Börse : Scheinbare Stabilisierung

Nach dem Einbruch am Vortag hat sich der deutsche Aktienmarkt am Donnerstag etwas stabilisiert und Kursgewinne verbucht. Der Dax sank dennoch bis zum späten Nachmittag im Sog der Wall Street um 2,5 Prozent auf 4887 Zähler. Dies war der tiefste Stand seit drei Jahren. Der M-Dax gewann 0,12 Prozent auf 5711 Punkte. Der Tec-Dax legte um 1,6 Prozent auf 542 Zähler zu. Analysten erklärten die Kursgewinne vor allem mit einer technischen Gegenbewegung nach den jüngsten, deutlichen Verlusten. „Nach dem Schock vom Dienstag beruhigt sich die Lage nun erst mal wieder ein bisschen“, sagte ein Händler. „Das heißt aber nicht, dass der Sturm schon ganz vorbeigezogen ist.“

Vor allem Aktien der Finanzbranche waren gefragt: Die der Commerzbank kletterten um 7,9 Prozent auf 10,75 Euro an die Dax-Spitze. Die Aktien von Hypo Real Estate (HRE) stiegen um sieben Prozent auf 4,41 Euro. Einem Bericht der „New York Times“ zufolge, wonach die US-Regierung Beteiligungen an amerikanischen Banken plant, maßen sie nur eine leicht positive Wirkung zu.

Die deutsche Finanzaufsicht Bafin will die Kursbewegungen der Premiere-Aktie in den vergangenen Tagen genauer unter die Lupe nehmen. Es handle sich um eine routinemäßige Analyse, sagte eine Sprecherin am Donnerstag.Geprüft würden der Handel und die jüngsten Veröffentlichungen daraufhin, ob es Anhaltspunkte für kapitalmarktrechtliche Verstöße gebe. Das Unternehmen hatte vor einer Woche einen operativen Verlust angekündigt, fast eine Million Karteileichen gemeldet und angekündigt, mit den Banken über die Kreditvereinbarungen zu verhandeln. Die Aktien gingen daraufhin auf Talfahrt. Am Donnerstag lagen sie jedoch deutlich im Plus, zeitweise fast 18 Prozent.

Die Aktien des Düngemittelherstellers K+S stiegen mit plus 3,28 Prozent auf 48,78 Euro in die Dax-Spitze.

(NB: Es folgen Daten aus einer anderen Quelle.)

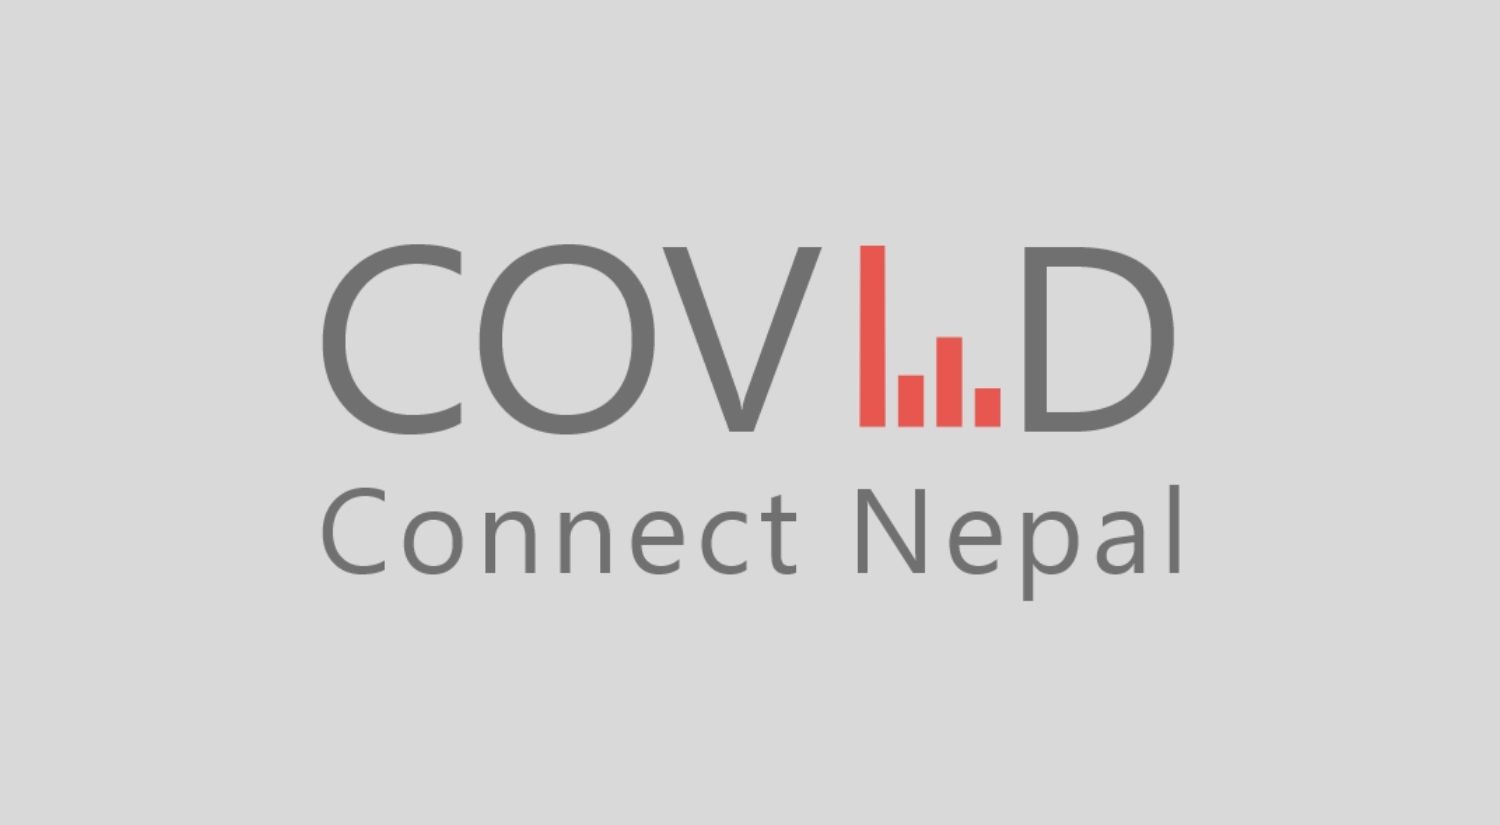 COVIC connect Nepal

Der weltgrößte Agrar- und Biotechkonzern Monsanto hatte signalisiert, dass der Agrarboom ungebrochen ist und die Kreditkrise bei US-Farmern bisher auch keine Liquiditätsengpässe zur Folge gehabt habe. DZ-Bank-Analyst Heinz Müller wies in einem Kommentar zudem darauf hin, dass K+S erneut Preiserhöhungen in Europa habe durchsetzen können, wo rund 60 Prozent des Umsatzes generiert würden. Die Papiere von Continental dehnten ihre jüngsten Kursverluste um 3,69 Prozent auf 41,74 Euro aus. Am Rentenmarkt stieg die durchschnittliche Umlaufrendite der börsennotierten Bundeswertpapiere auf 3,86 (Vortag: 3,64) Prozent. Der Rentenindex Rex fiel um 0,23 Prozent auf 119,91 Punkte. Der Bund Future fiel um 0,31 Prozent auf 115,95 Zähler zu.

Der Kurs des Euro ist gefallen. Die Europäische Zentralbank (EZB) setzte den Referenzkurs auf 1,3682 (Mittwoch: 1,3731) Dollar fest.